How powerfully does that change our perspective of the Biblical narrative if we understand that the first sin was mankind deciding we were better off without communion—our relationship—with God? We see throughout scripture a God uncompromisingly after restored relationship with his children—his covenant with Abraham about the nation of Israel—a people of God and for God. God introducing himself to Israel on Mt. Sinai, giving them ground rules in order to have a semblance of relationship with him and a chance to pursue holiness. The ultimate coming of Jesus giving us a taste of what that unbroken communion with God is supposed to be like. Even his last supper—a picture of what he was about to do on the cross—what we now commemorate through communion—was a gathering of people around a table to relate and bear-witness with one another.

God has been after relationship with us from the beginning. He is relentless in his pursuit of that. But in order to save his people from broken communion for eternity, Jesus had to do something drastic and amazing. He had to come as a man and die in our place. And what did that mean? Complete separation from God on the cross.

Smith builds her rebuttal to the Chambers quote, “If nothing else, my singleness has taught me that you can be lonely and exhausted and in need of sympathy— even with God. Even Jesus felt this way, and in the days and moments leading to his crucifixion, we see this played out. I can think of no greater loneliness than hanging on a cross, dying for a world that despises you, and then feeling forsaken by the Father who sent you, but— glory be!— loneliness and exhaustion did not cause Jesus to crumble.”

On this side of heaven, we cannot escape loneliness. Single, married, parent, friend, child, elder—I don’t care what relationship you are a participant in, there will be moments, sometimes seasons, of loneliness. It’s part of our humanity.
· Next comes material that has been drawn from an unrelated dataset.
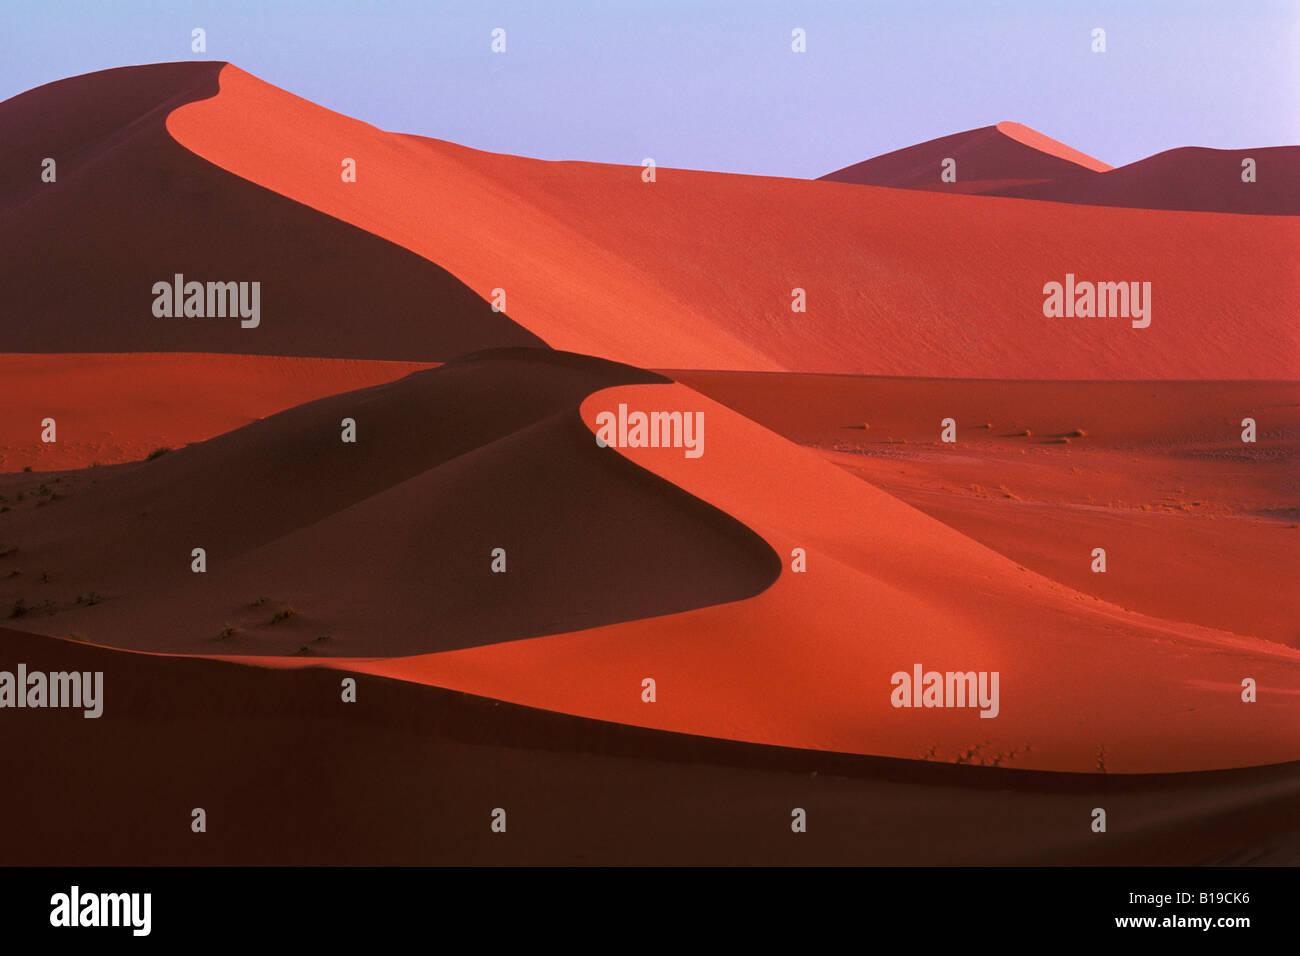 Formations de dunes de sable, du parc de Namib Naukluft, Sossusvlei, Désert du Namib, Namibie, Afrique Photo Stock

But how shall we respond to such deep and nagging longings?

Having an earthly relationship with Jesus does not mean I will never be lonely. (In fact, in some of my circles, I feel a loneliness because of my relationship with Jesus.)

Instead, I have come to learn that when I come to Jesus with my relational longings, he does not always meet the need relationally.  When I have come to Jesus longing for human relationship, I have found that I am more in need of an invitation. Time in prayer and meditation in the word has become a sweet invitation to behold who he is and what he’s done in love. Loneliness is often an invitation into trust promise of the perfect communion to come.

The voice that rings from the Bible is the voice of the one we long to hear from, long to know, long to find our rest in.